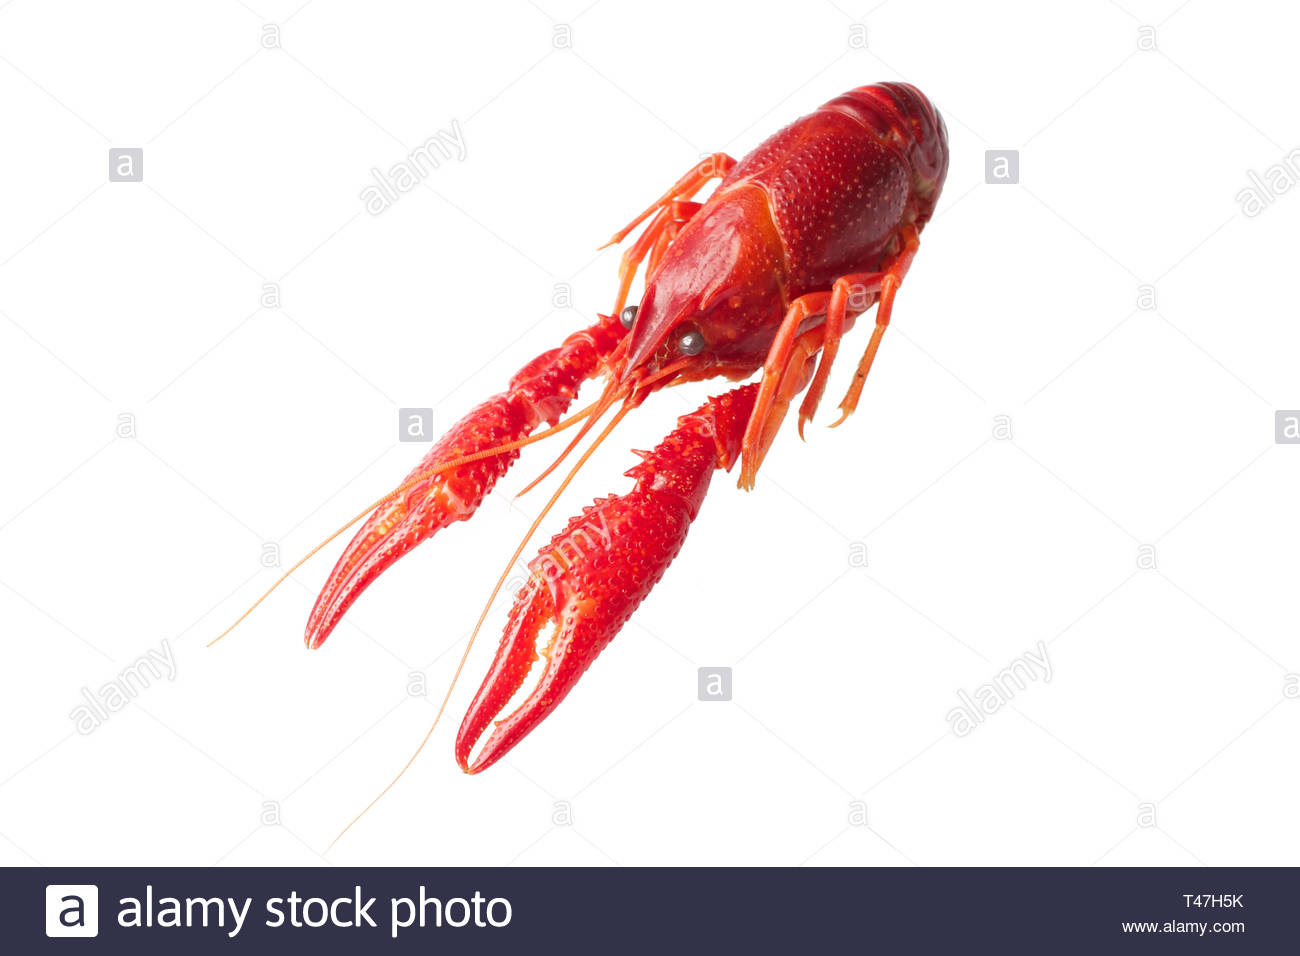 Boiled Red Crawfish Isolated On White Background Stock Photo
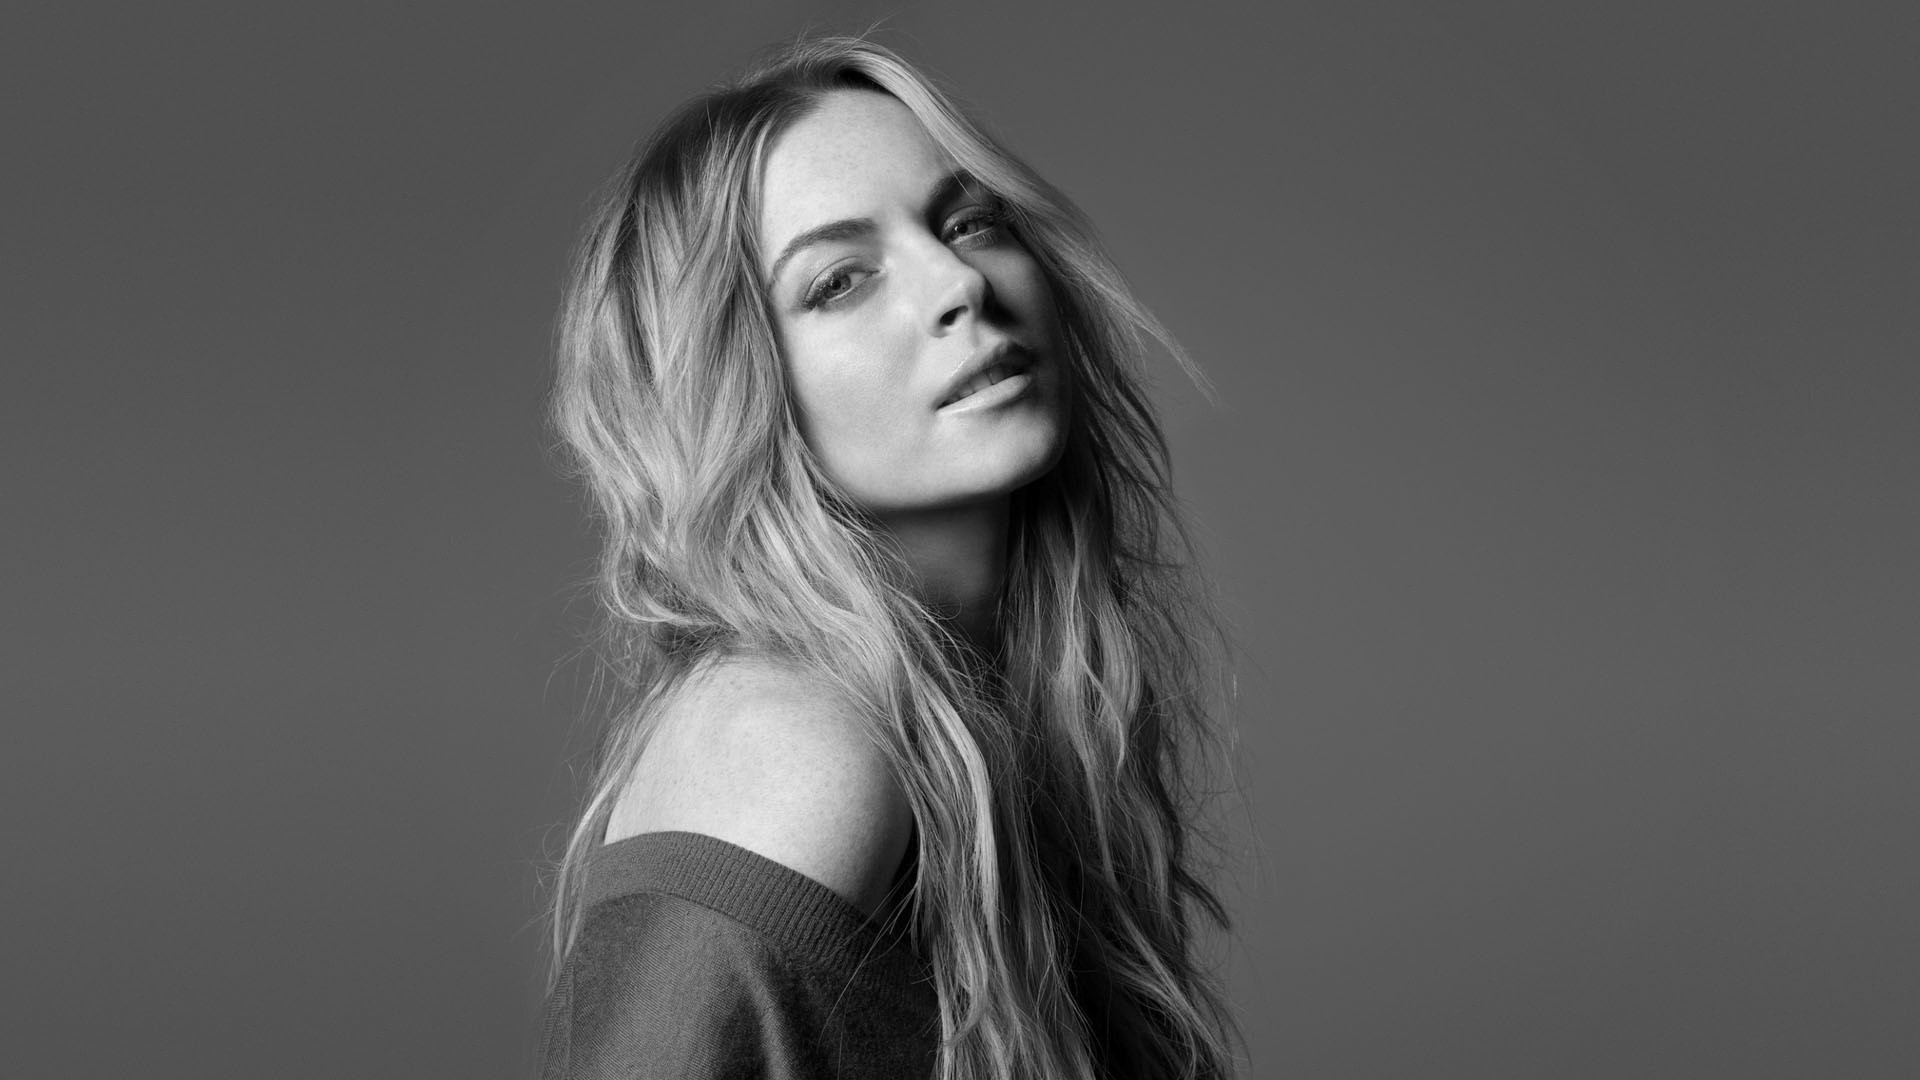 Lindsay Lohan Wallpaper HD Collection For
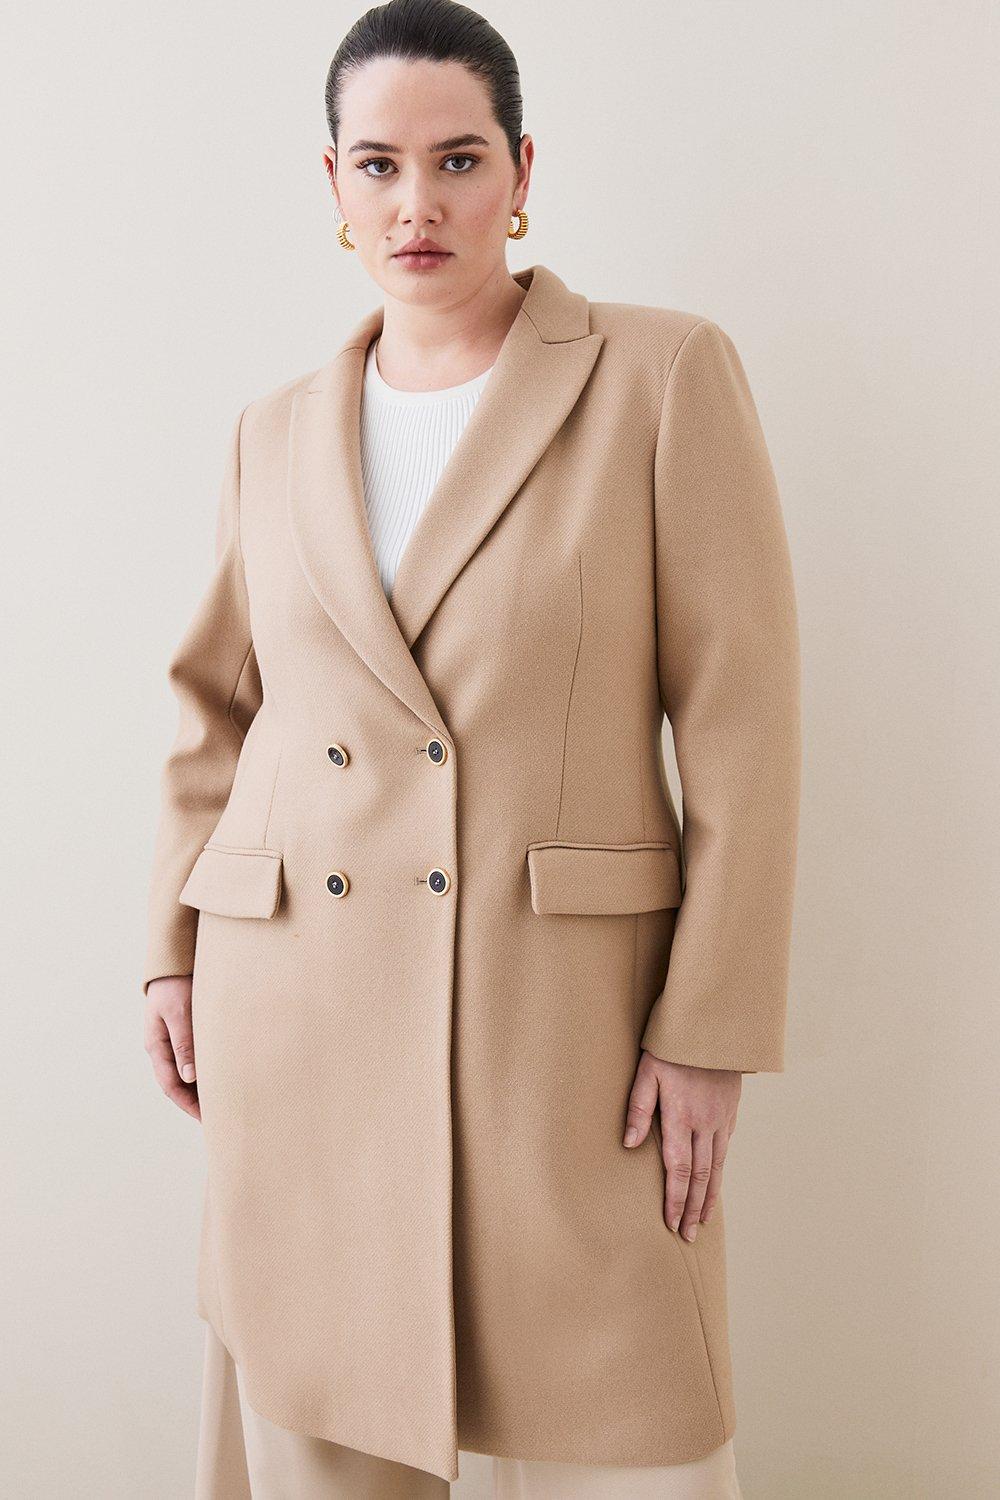 Karen Millen Womens Double Breasted Maxi Tailored Coat

————————

Task objective
Copy the data above line for line, skipping every picture.

Answer space
 Boiled Red Crawfish Isolated On White Background Stock Photo
 Lindsay Lohan Wallpaper HD Collection For
 Karen Millen Womens Double Breasted Maxi Tailored Coat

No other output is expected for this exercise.